Nas prateleiras da loja de Cedofeita, a preocupação com o ambiente é visível: “O café do México, da Etiópia e da Nicarágua e os chás do Sri Lanka e da Índia são totalmente biológicos. As tintas utilizadas nos objectos artesanais são naturais e o papel não é feito com a madeira das árvores, mas sim com plantas invasoras, como o jacinto de água.” – Explica Sara Fonseca. Desde que apareceu no Porto, há cinco anos, o Comércio Justo tem crescido e tem-se afirmado aos poucos. Iniciativas organizadas pela Reviravolta, como palestras nas


escolas, o coffeebreak ou o Sabores Solidários, têm permitido um estreitamento de laços entre os portuenses e o Comércio Justo. Actualmente, a Loja da Rua de Cedofeita conta com clientes fidelizados, muitos dos quais já com uma consciência social e ambiental, como revela Sara Fonseca: “Temos clientes desde os 8 aos 80 anos. Junto dos jovens universitários temos muita receptividade. Nota-se que a nossa clientela é muito preocupada, são pessoas muito curiosas e com alguma sensibilidade para as causas sociais e ambientais”. Mas, apesar de a consciência para as causas sociais ser uma tendência em crescimento, Sara Fonseca admite também que a maioria dos portugueses escolhe o produto tendo em conta apenas o preço: “As pessoas ainda não têm muita consciência de analisar os produtos que compram. Quando compramos um produto temos de pensar com que recursos humanos e recursos ambientais foi feito. As pessoas ainda não têm muito esta preocupação, normalmente é o produto que vale e o preço.” Também o vice-presidente da Reviravolta considera que a generalidade dos portugueses ainda não é receptiva ao Comércio Justo porque não é exigente nas escolhas que faz: “Os portugueses não estão habituados a questionar. Nem os seus governantes, nem a origem dos produtos que consomem. Para além disso, atravessamos uma grande crise económica e por isso é natural que as pessoas optem pelo que é mais barato” – revela Guilherme Rietsch Monteiro. As Lojas do Comércio Justo mundiais vendem, anualmente, produtos no valor de 92 milhões de euros. As receitas das vendas contribuem para tornar a vida dos produtores mais digna. A cooperativa mexicana de café Uciri (União de Comunidades Indígenas da Região do Istmo), por exemplo, criou, graças ao comércio justo, uma rede sanitária e um programa de medicina natural. O comércio justo coexiste com um consumo desenfreado mas, mesmo assim tem conseguido avanços na tentativa de tornar o comércio mais ético. Por isso, há uma questão que se impõe: será o comércio justo o comércio do futuro? Para Guilherme Monteiro, o Comércio Justo não é uma utopia, mas as preocupações com o lucro são um entrave à humanização do comércio: “O Comércio Justo já resolve os problemas de milhares de pessoas, por isso não é uma utopia. Se houver interesse e vontade política, pode ter um futuro risonho. O clímax do Comércio Justo seria a extinção das organizações que hoje o suportam, quando todo o Comércio fosse justo.”

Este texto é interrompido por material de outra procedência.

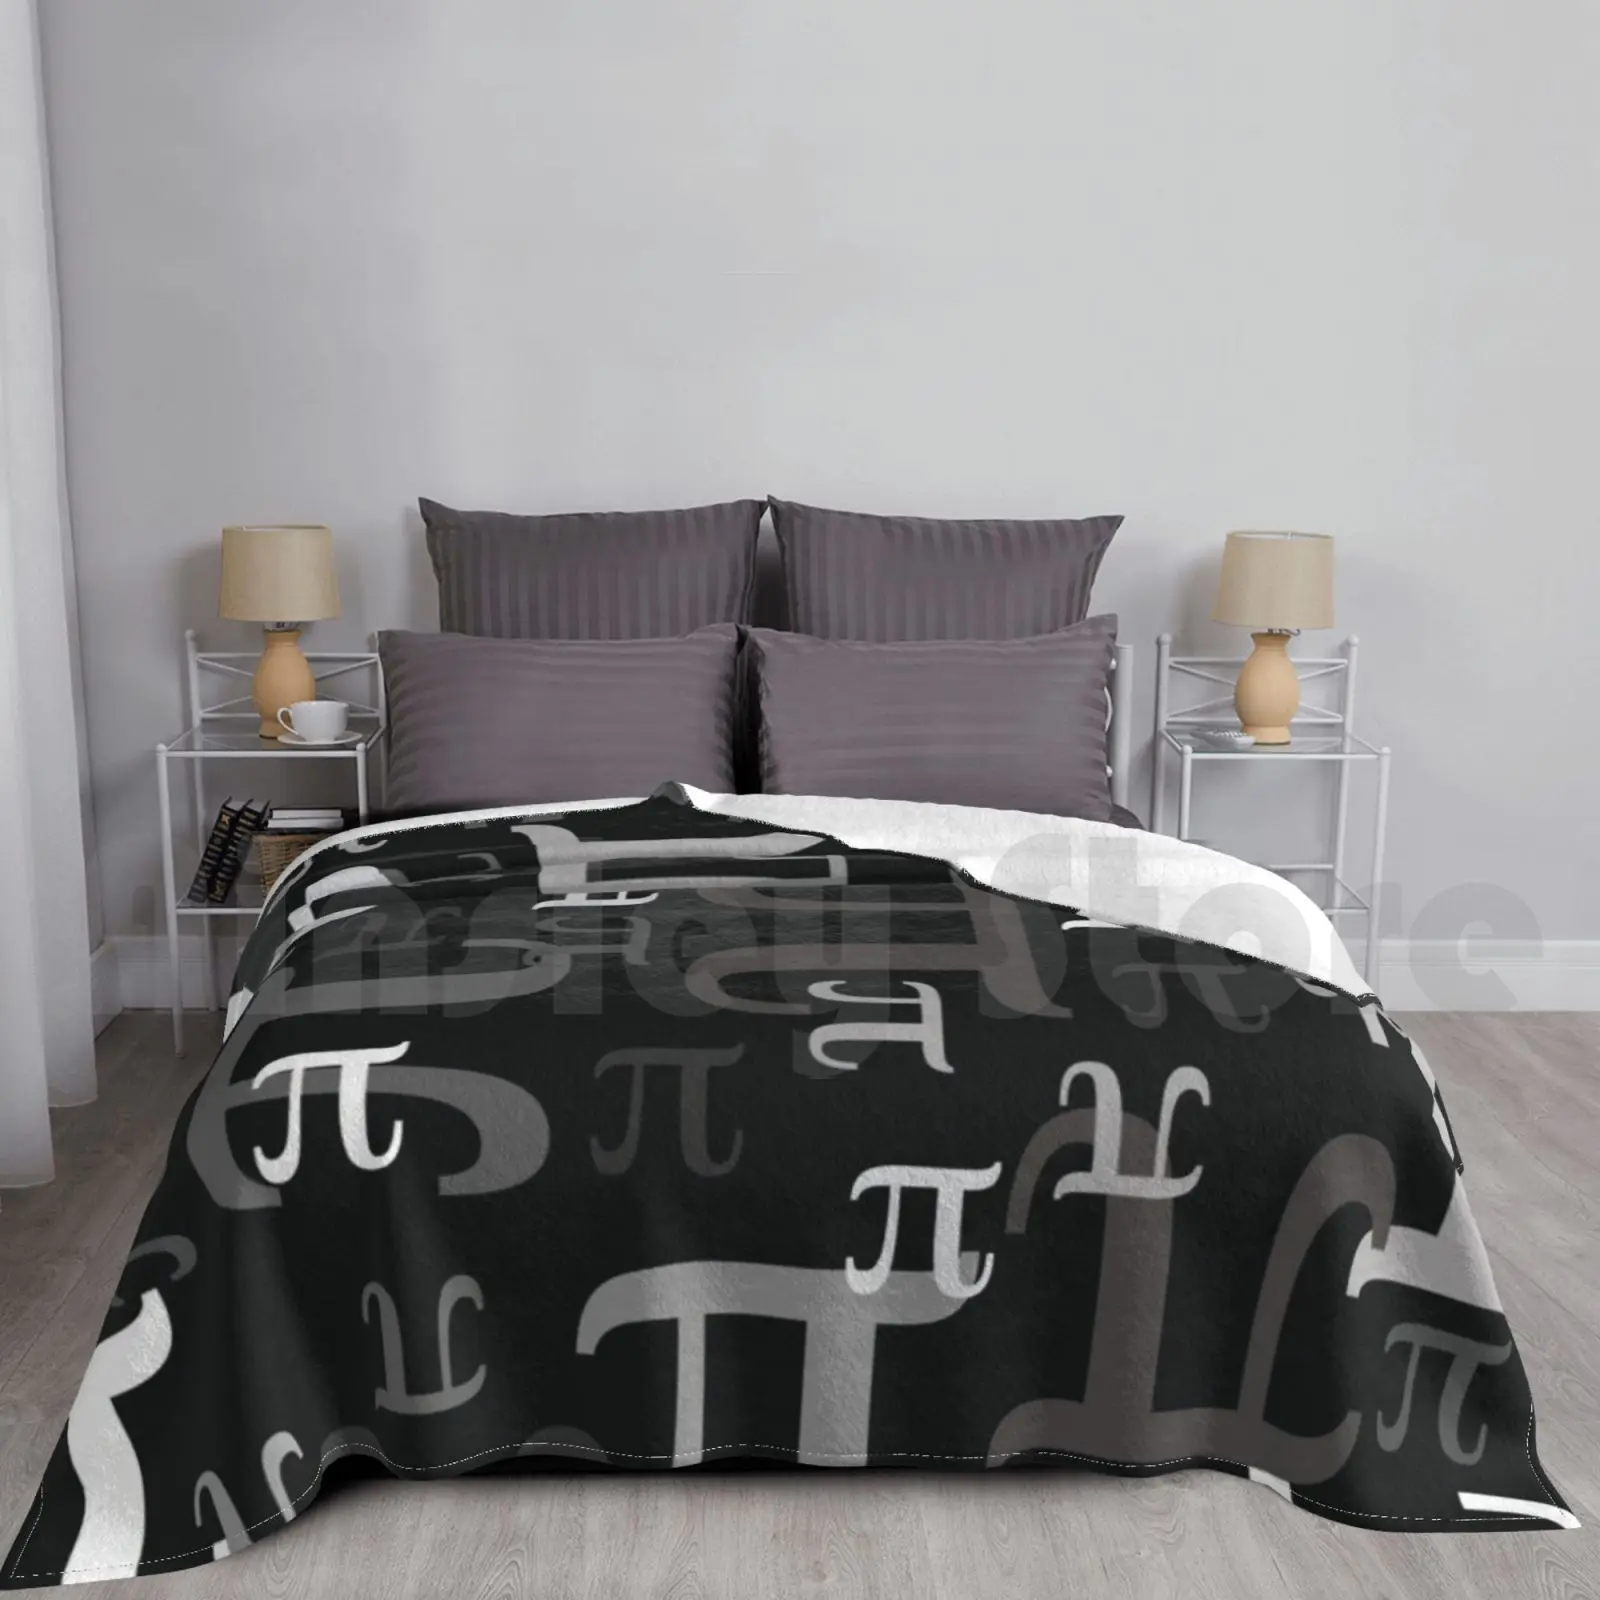 

Pieces Of Pi ( Dark ) Blanket For Sofa Bed Travel Pi Math Pi Day Nerd Geek Nerdy Geeky Science Pretty Cool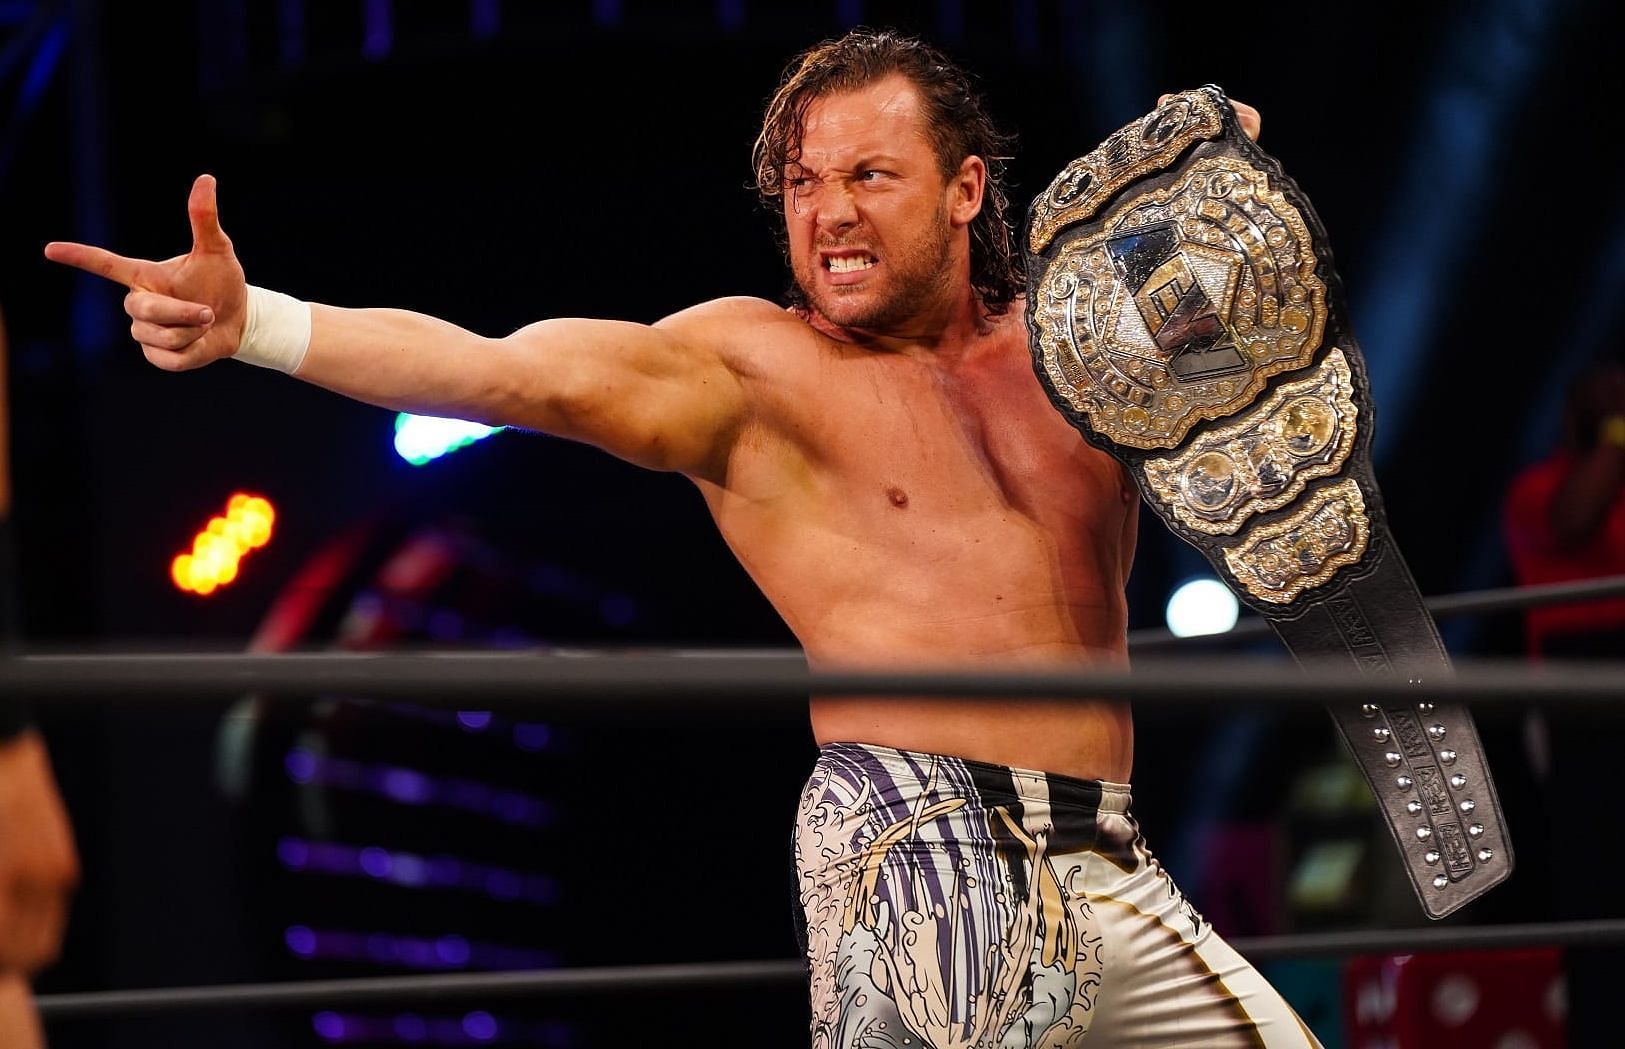 Kenny Omega is a former World Champion

“A crise que atravessamos agora poderia ser um contributo para mudar as regras. É em períodos de crise, que novas soluções surgem. Mas as medidas que têm surgido para salvar a crise não impõem a contra partida de alterar as regras. E por isso, qualquer medida que ponha as pessoas à frente do lucro, terá sérias dificuldades em vingar.” – Concluiu o vice-presidente da Reviravolta. Sara Fonseca considera que aos poucos vão sendo dados grandes passos para tornar o comércio mais ético: “Temos consciência que somos uma gota no oceano, mas vamos mudando o mundo de algumas pessoas. (…) No parlamento europeu só se bebe café de comércio justo. Nota-se que as grandes empresas já têm alguma responsabilidade social e os clientes já começam a exercer alguma pressão para que estas empresas tenham algum cuidado na confecção dos seus produtos.” “Eu espero que o comércio justo um dia desapareça, porque queremos que o comércio justo esteja já difundido em todo o mundo” – acrescenta. O Comércio Justo convive com uma sociedade consumista mas que, aos poucos, começa a despertar para as causas sociais e ambientais. As lojas do Mundo, como a da Rua de Cedofeita, mais do que produtos, vendem histórias. As prateleiras estão recheadas de cores e de sabores do mundo que buscam uma maior justiça, solidariedade e igualdade.